There are several vital roles that stock markets play in an economy’s financial structure. Besides knowing what is share market, explore the major roles that stock markets play for both businesses and investors:

  • Capitalization
    One of its main purposes is the stock market’s ability to help companies get funds. Businesses raise money for various uses, including R&D, project investment, operations expansion, and stock issuance (equity securities via IPO Investment). Investors give firms the funds to expand and generate economic value by buying these stocks.

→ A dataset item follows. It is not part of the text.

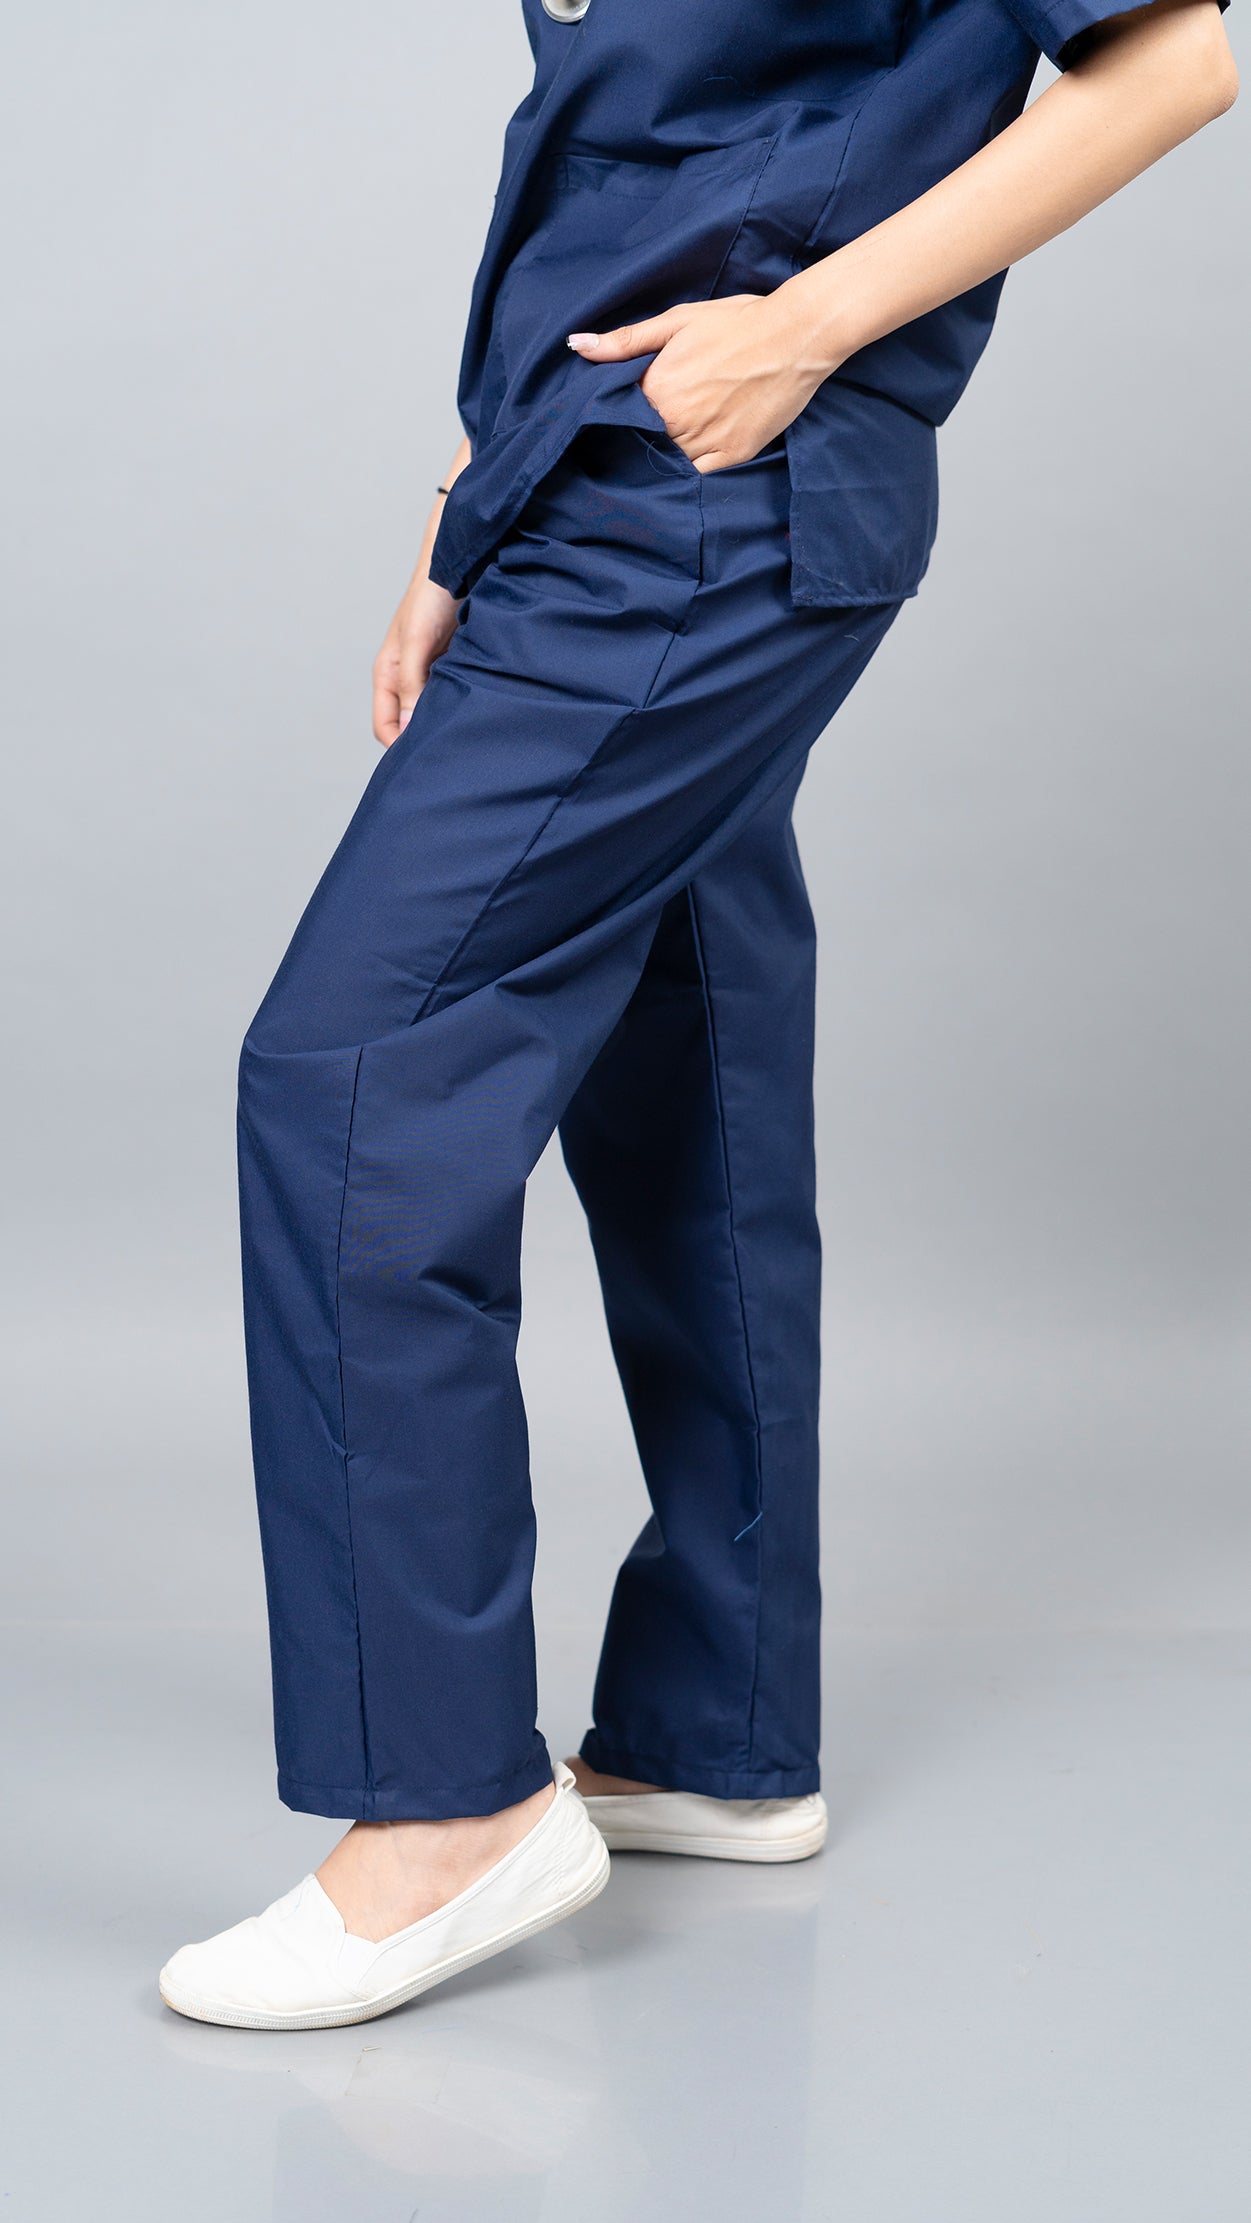 Vastramedwear Basic Medical Scrub Suit for Doctors Women  Blue

  • Availability of Liquid Assets
    The stock market offers investors liquidity by providing an easy-to-use platform for buying and selling stocks. Since it enables investors to quickly turn their assets into cash, liquidity is significant. It also promotes investment by giving investors who wish to sell their shares an exit route.
  • Discovering Prices
    The supply and demand of stocks are the primary factors influencing prices in the stock market. It provides a forum for investors to voice their thoughts regarding a company’s worth. Market prices are established due to continuous stock trading and represent investors’ assessments of a company’s past, present, and future performance.
  • Wealth Generation
    This is an essential role that the stock market plays. Buying stock in companies with a price increase allows investors to profit significantly. As a result of this expansion, individual investors gain from capital appreciation.
  • Dividend Payout
    A company’s shareholders receive dividends, which are payouts generated by earnings. This gives shareholders a reliable source of income.
  • Risk Transfer
    A certain amount of risk is associated with stock market investing. Investors risk seeing their assets lose value due to shifting market dynamics or the success of the businesses they fund. When investors trade stocks, they are basically sharing and transferring these risks.
  • Financial Measurement
    It’s common knowledge that the state of the economy as a whole can be inferred from stock market performance. In contrast, a dropping market may portend future downturns or economic instability. A rising stock market can reflect both economic growth and investor optimism.
  • Market Efficiency
    Stock prices in efficient markets are updated promptly and precisely based on available information. In turn, this promotes market efficiency and openness by incentivizing businesses to give the public timely and accurate data.